Crossplot is a 1969 British neo noir crime film starring Roger Moore. Belgian actress Claudie Lange was also featured in her largest English-speaking role.

Plot
Roger Moore is Gary Fenn, a talent scout for a London modelling agency who finds the perfect target and calculates the events which mean that only one girl will be good enough for his bosses, a Hungarian Marla Kugash (Lange). He finds her among the anti-war movement in the bohemian depths of swinging London. She is in the company of a young man, Tarquin, who is extremely protective of her and overtly aggressive to Fenn.
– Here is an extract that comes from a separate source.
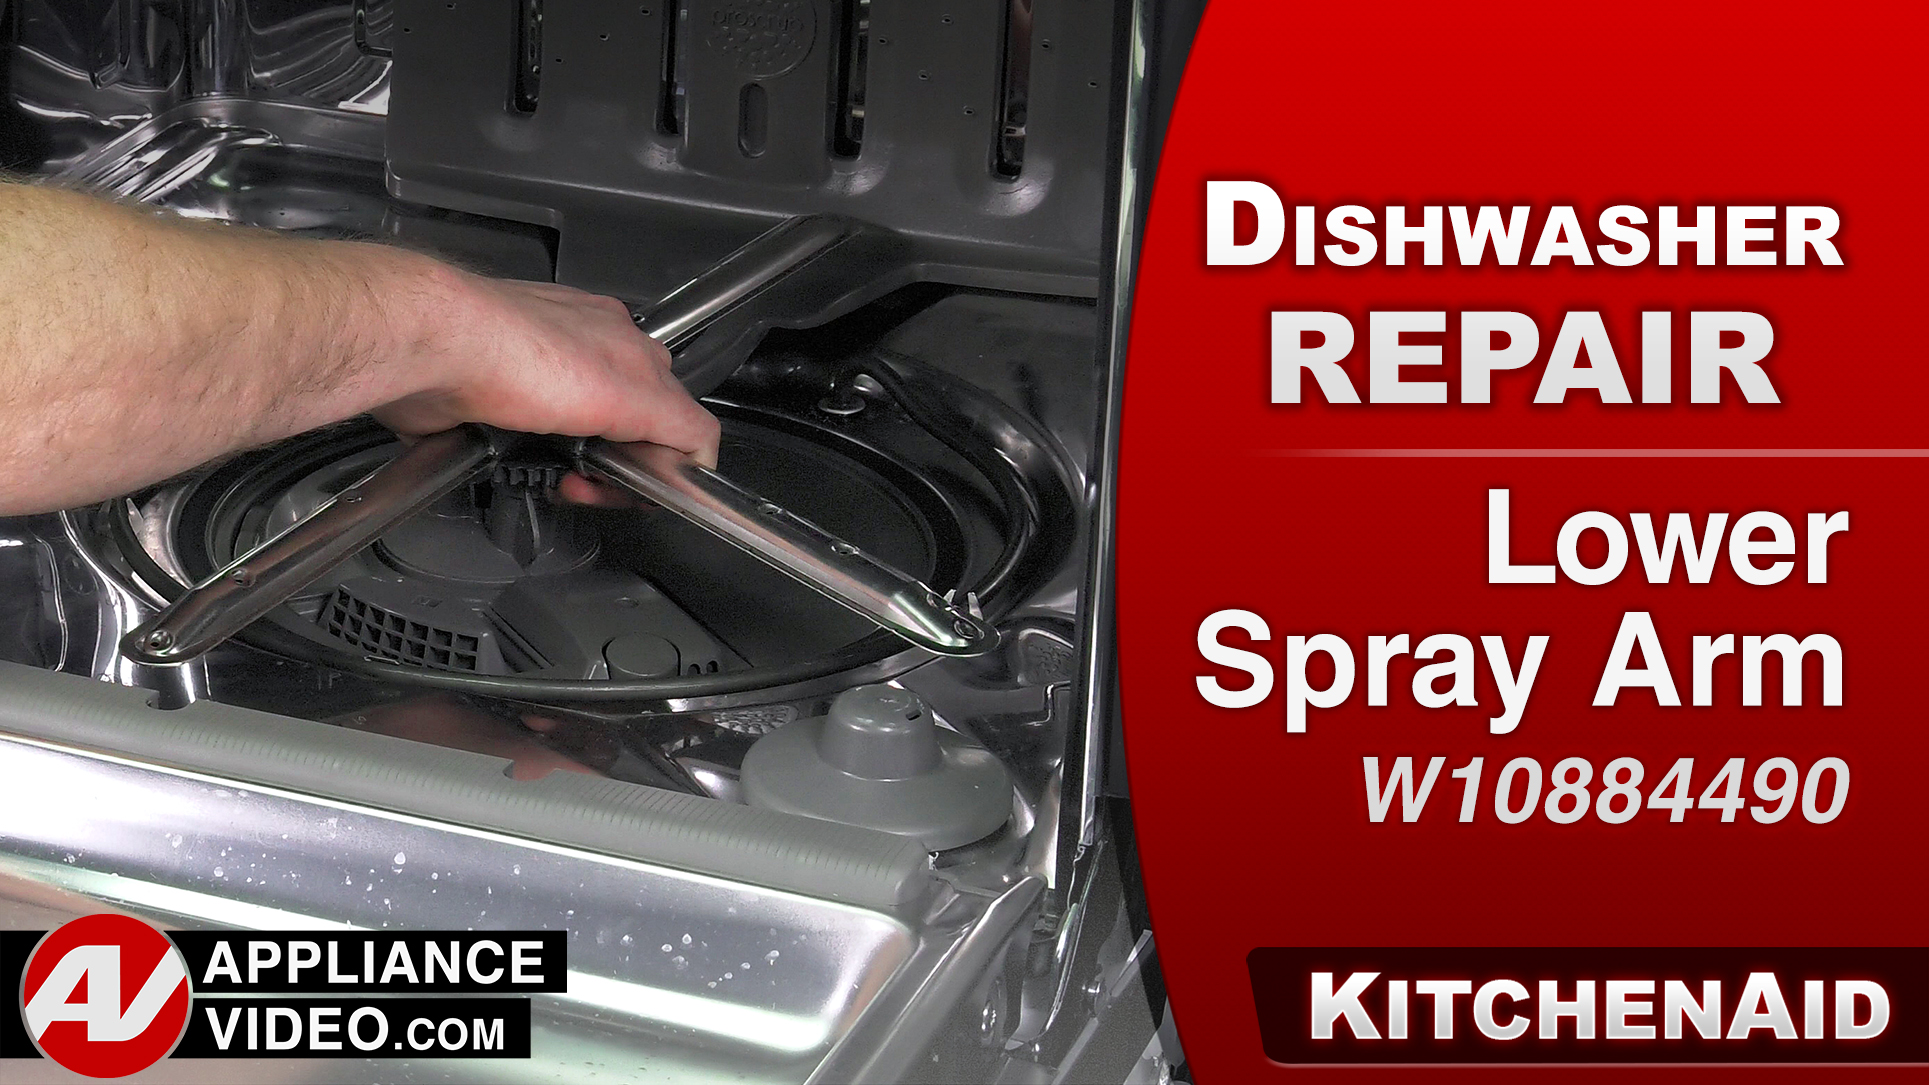 KitchenAid KDTM354ESS3 Dishwasher – Poor cleaning – Lower Spray Arm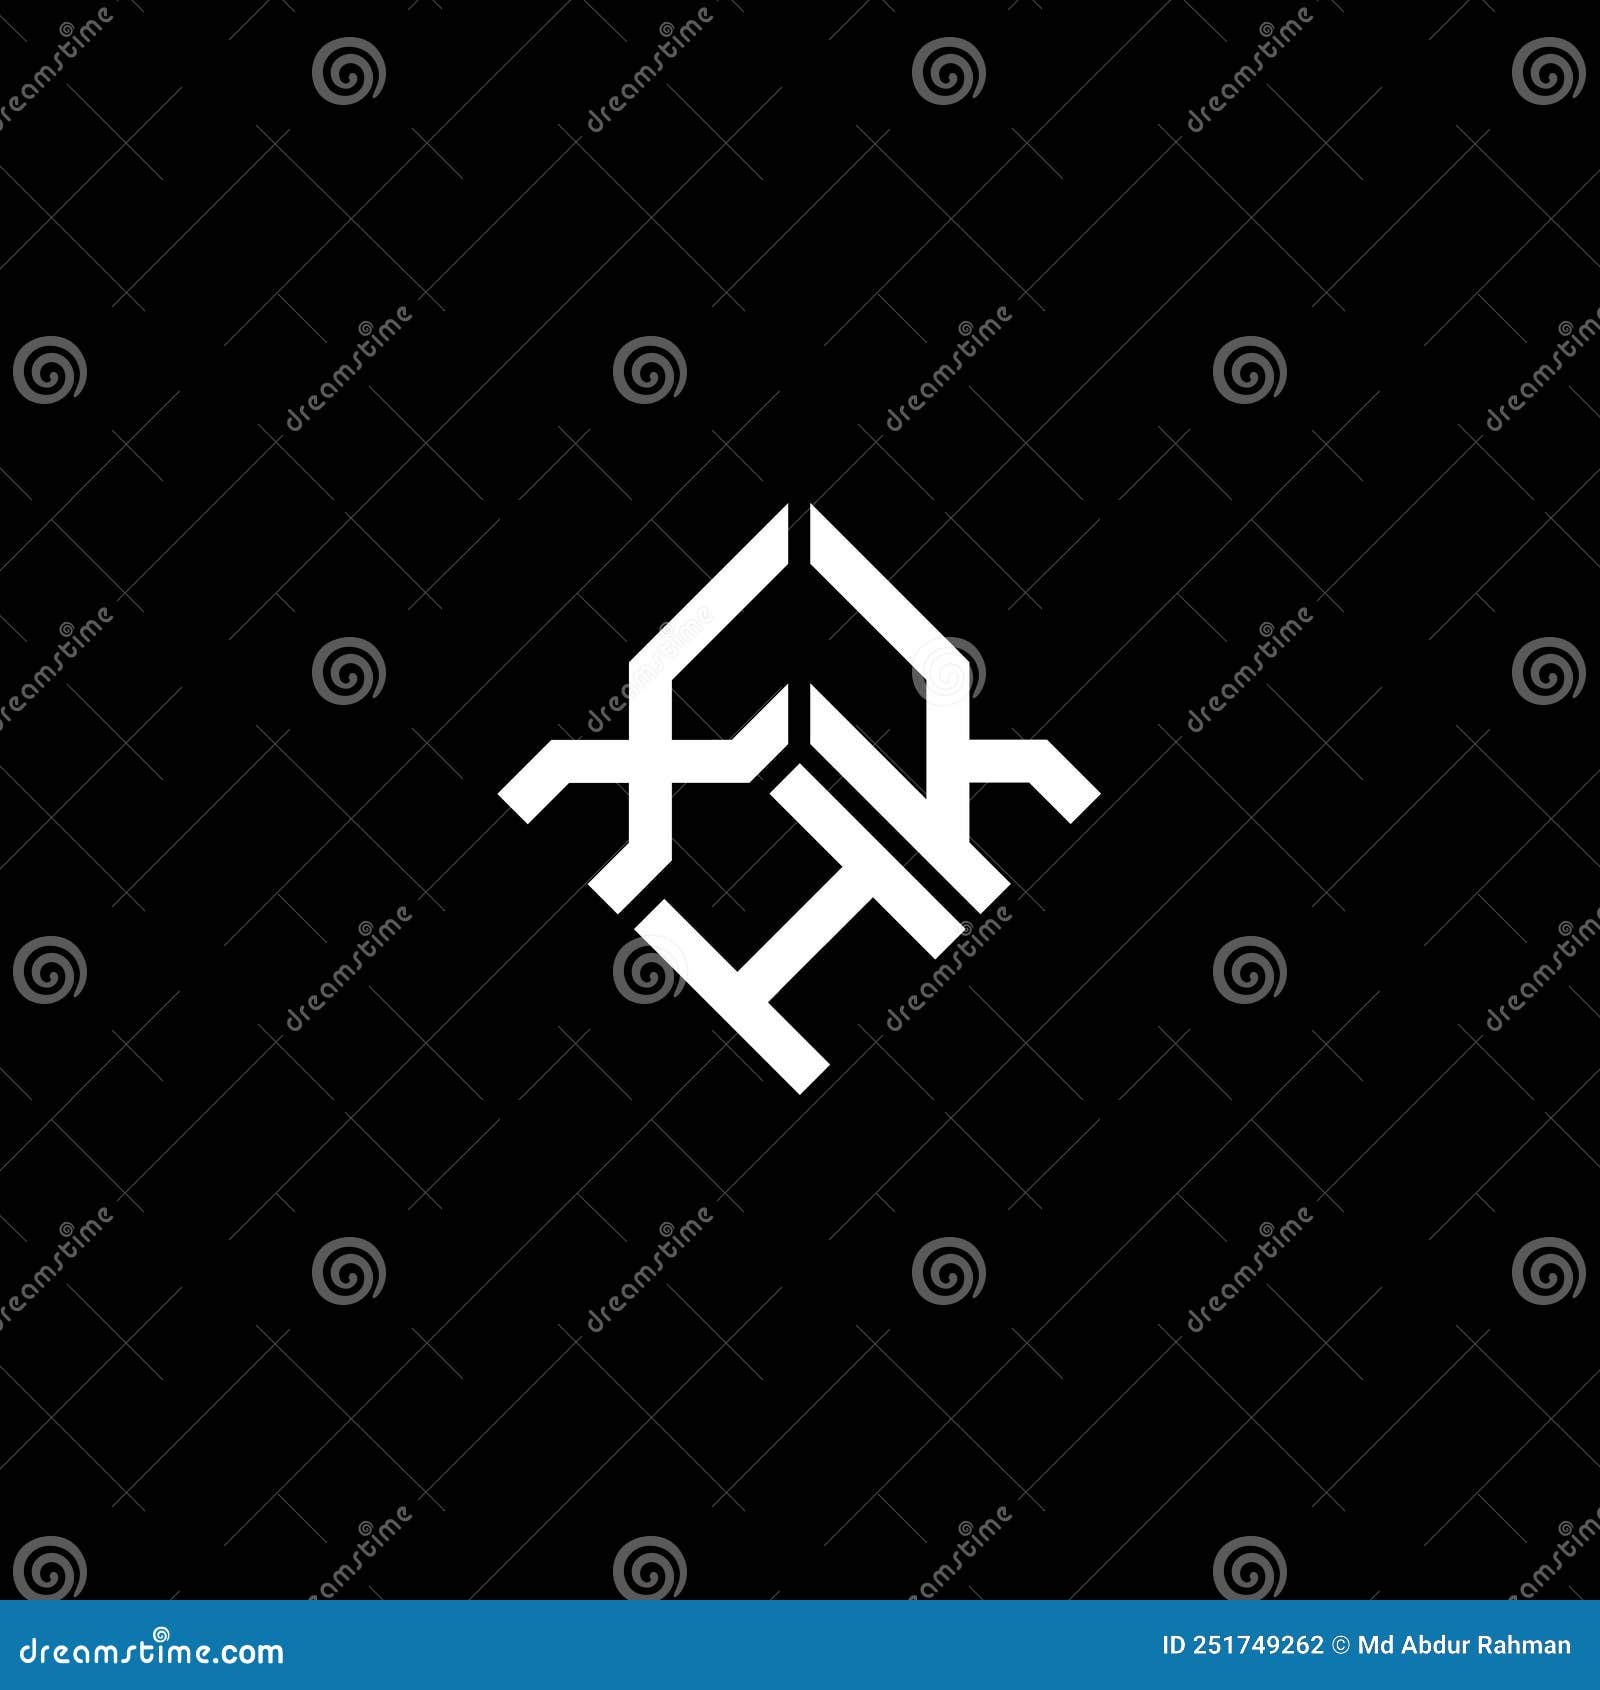 XKH Letter Logo Design on Black Background. XKH Creative Initials ...

The young Hungarian, an illegal refugee from her native homeland, accompanies Fenn to a photoshoot. However, she admits she is in fear of her life, and seems disturbed by the presence of her aunt. When she is nearly killed, the girl drops out of sight and Fenn has to go on the run himself, suspected of a separate murder. He locates her to a country house, which turns out to be the home of Tarquin, an aristocrat in spite of his anti-war sentiments.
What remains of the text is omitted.